The discovery and replication analyses included totals of 9,232 and 14,303 individuals, respectively. Three loci reached genome-wide significance (Fig 1 and S2 Table). The genomic control variance inflation factor indicated no inflation due to population stratification (l = 1.01; S3 Fig).
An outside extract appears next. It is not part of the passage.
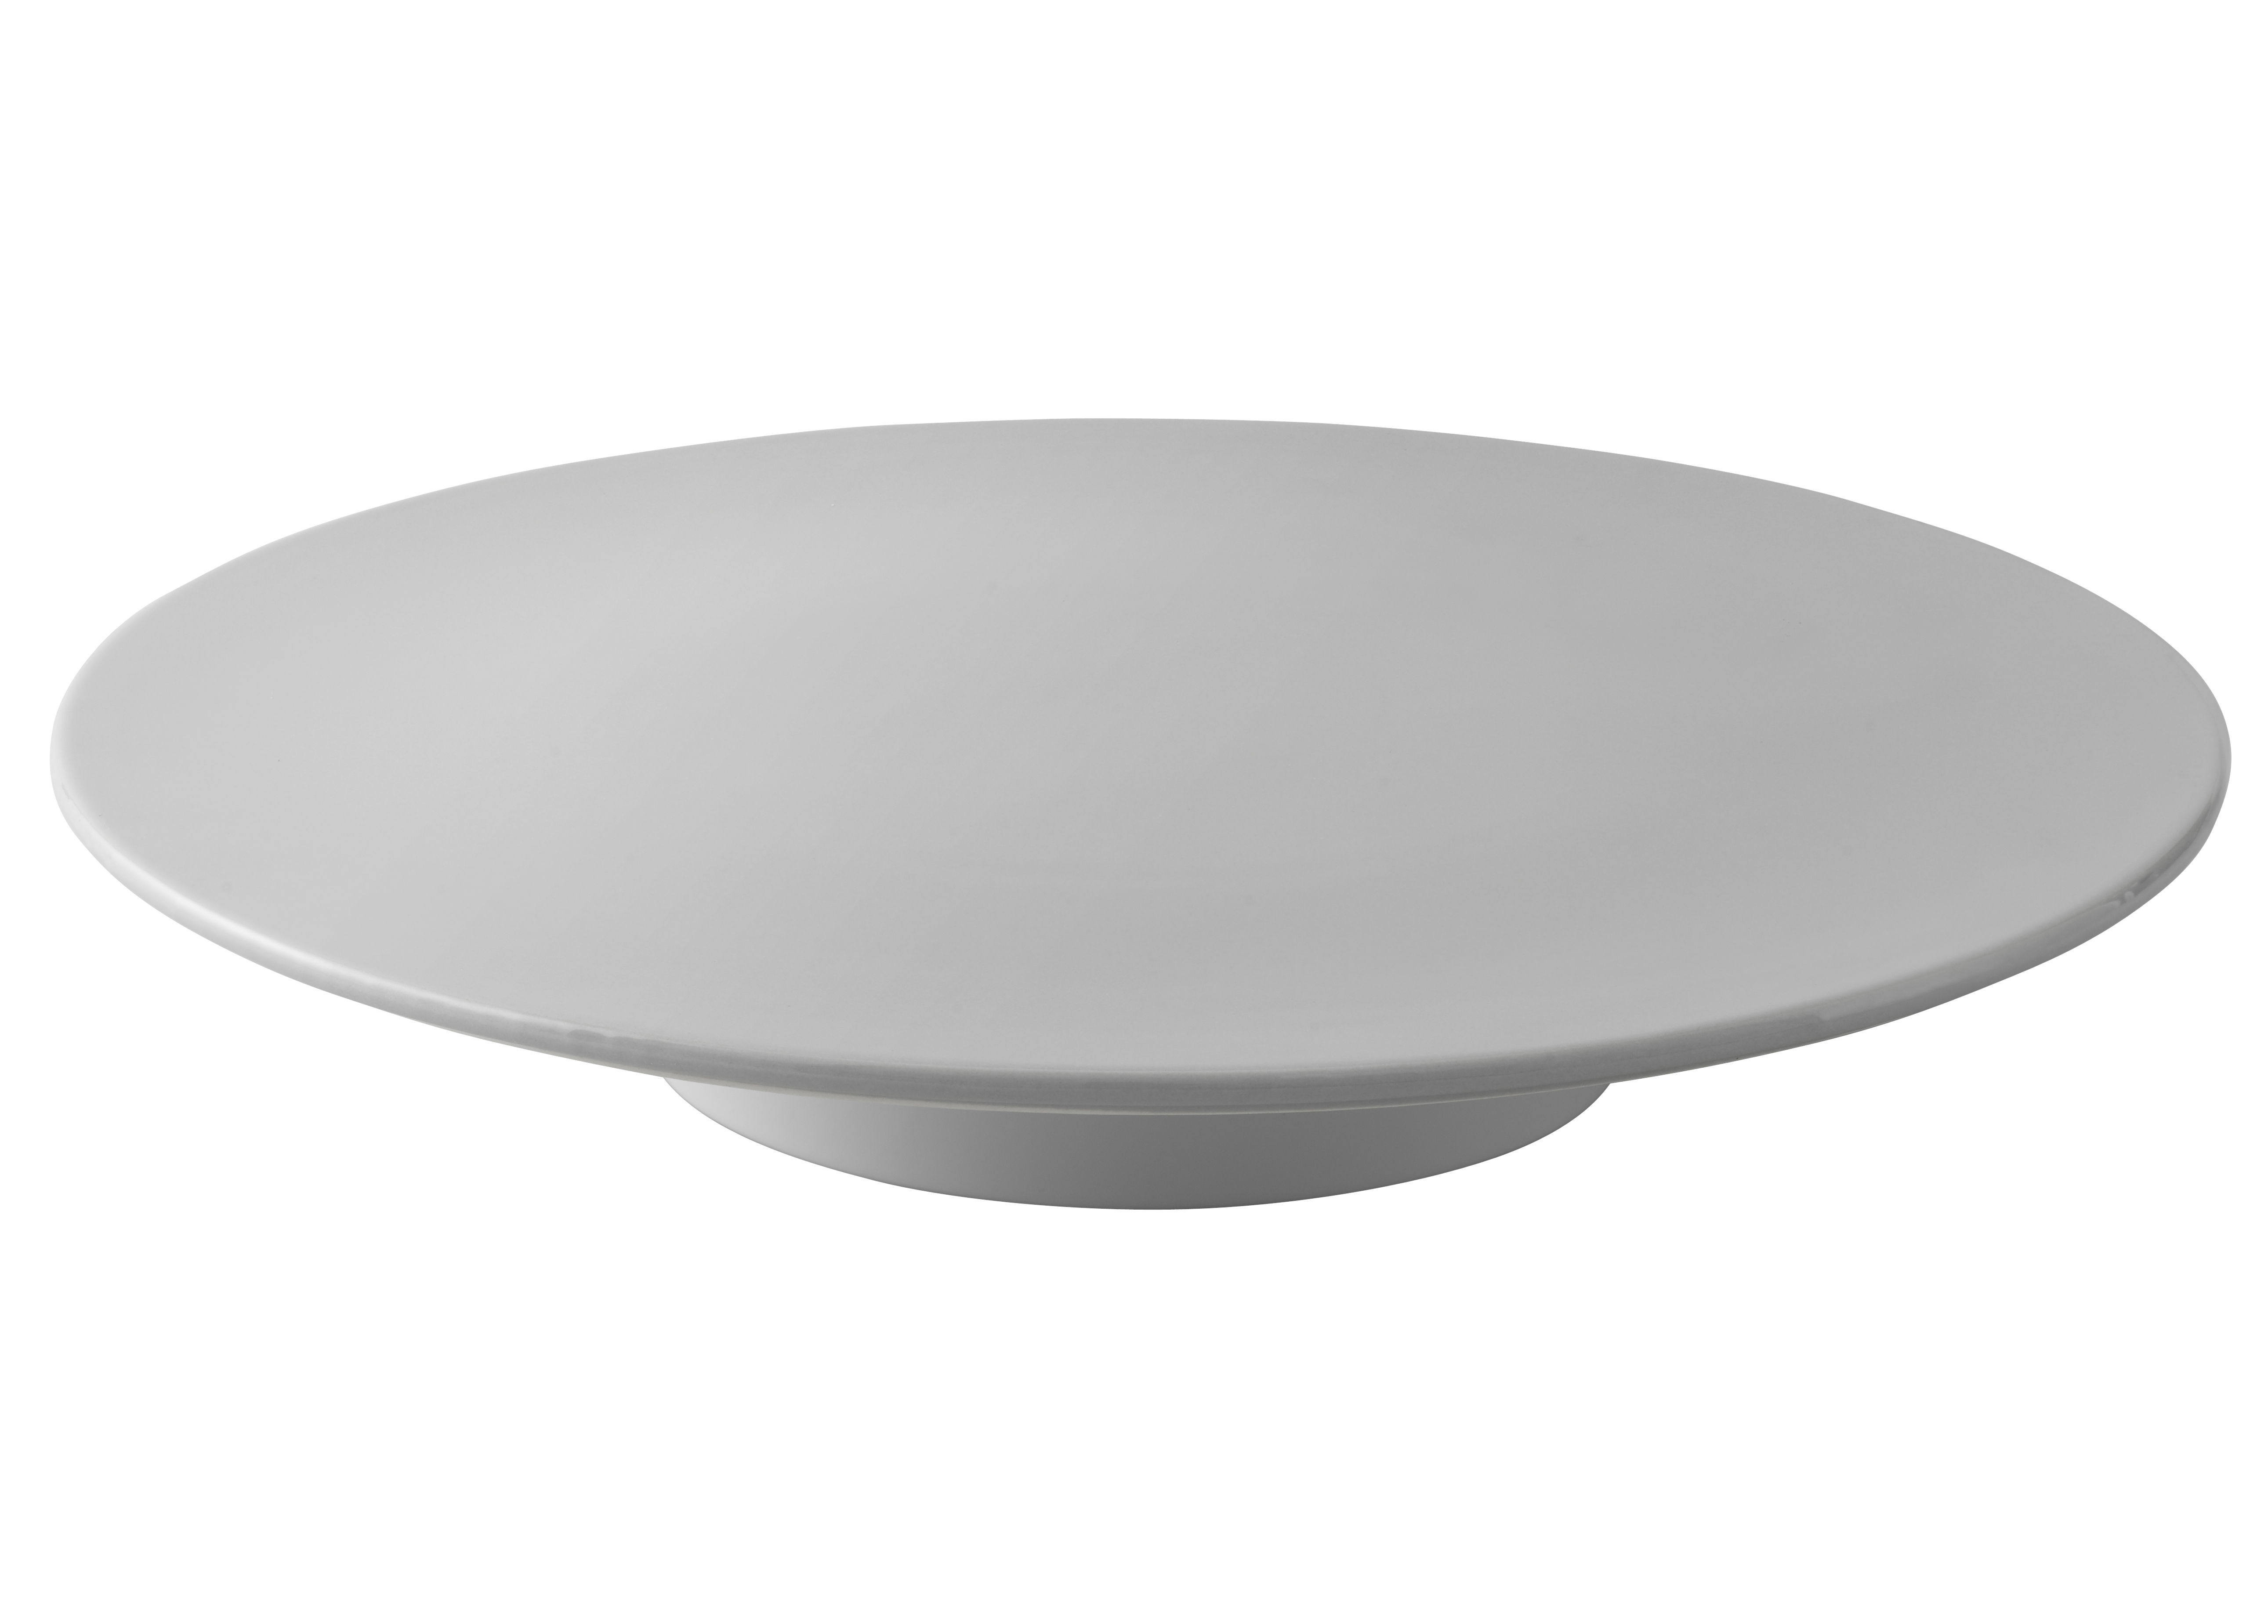 Tischkultur - Tabletts - Emma Kuchentablett / Ø 32,5 cm - Stelton - Hellgrau - emaillierte Keramik

Two of the lead SNPs were missense mutations and the third lead SNP was intronic (Table 1). Regional association and Bayesian fine mapping indicated that rs1260326 (GCKR), rs560887 (G6PC2), and rs13266634 (SLC30A8) had the highest marginal posterior inclusion probabilities (PIP) in their respective loci (S4 Fig). Conditional on the lead SNPs rs1260326 (GCKR), rs560887 (G6PC2), and rs13266634 (SLC30A8), no signal remained (S5 Fig). The effect alleles at all three lead SNPs were associated with lower fasting glucose (Table 1). The associations at all three lead SNPs were replicated in overall meta-analysis (S3 Table). Of the two suggestive loci (Fig 1, 5×10−7 ≤ p < 5×10−8), only the association at the locus on chromosome 11 was replicated (S4 Table).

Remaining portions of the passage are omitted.